----- GIVEN ENTRIES -----

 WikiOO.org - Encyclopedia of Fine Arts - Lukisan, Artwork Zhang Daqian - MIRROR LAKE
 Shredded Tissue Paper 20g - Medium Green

-----
----- GIVEN ENTRIES -----

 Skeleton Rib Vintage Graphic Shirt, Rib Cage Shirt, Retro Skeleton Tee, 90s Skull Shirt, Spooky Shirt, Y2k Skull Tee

-----
----- GIVEN ENTRIES -----

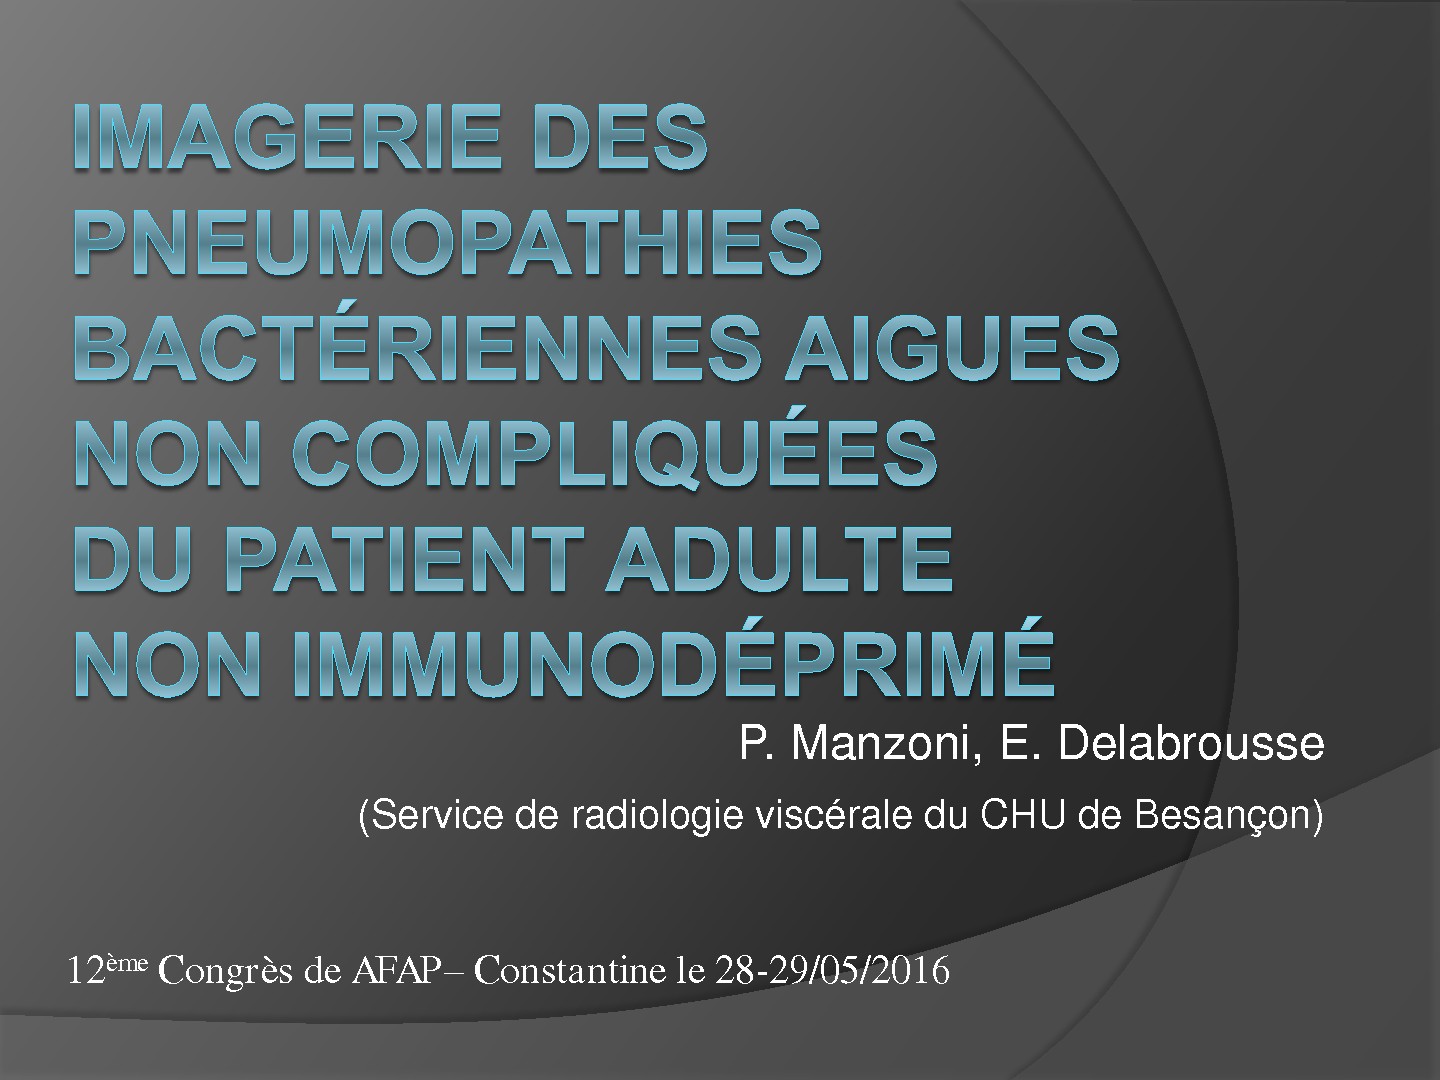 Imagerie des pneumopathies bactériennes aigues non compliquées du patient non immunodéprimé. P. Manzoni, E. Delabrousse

-----

The reply should hold only the lines of the listing above starting at the line containing "WikiOO.org - Encyclopedia" and ending at the line containing "Shredded Tissue Paper 20g - Medium Green", exactly as written.

 WikiOO.org - Encyclopedia of Fine Arts - Lukisan, Artwork Zhang Daqian - MIRROR LAKE
 Shredded Tissue Paper 20g - Medium Green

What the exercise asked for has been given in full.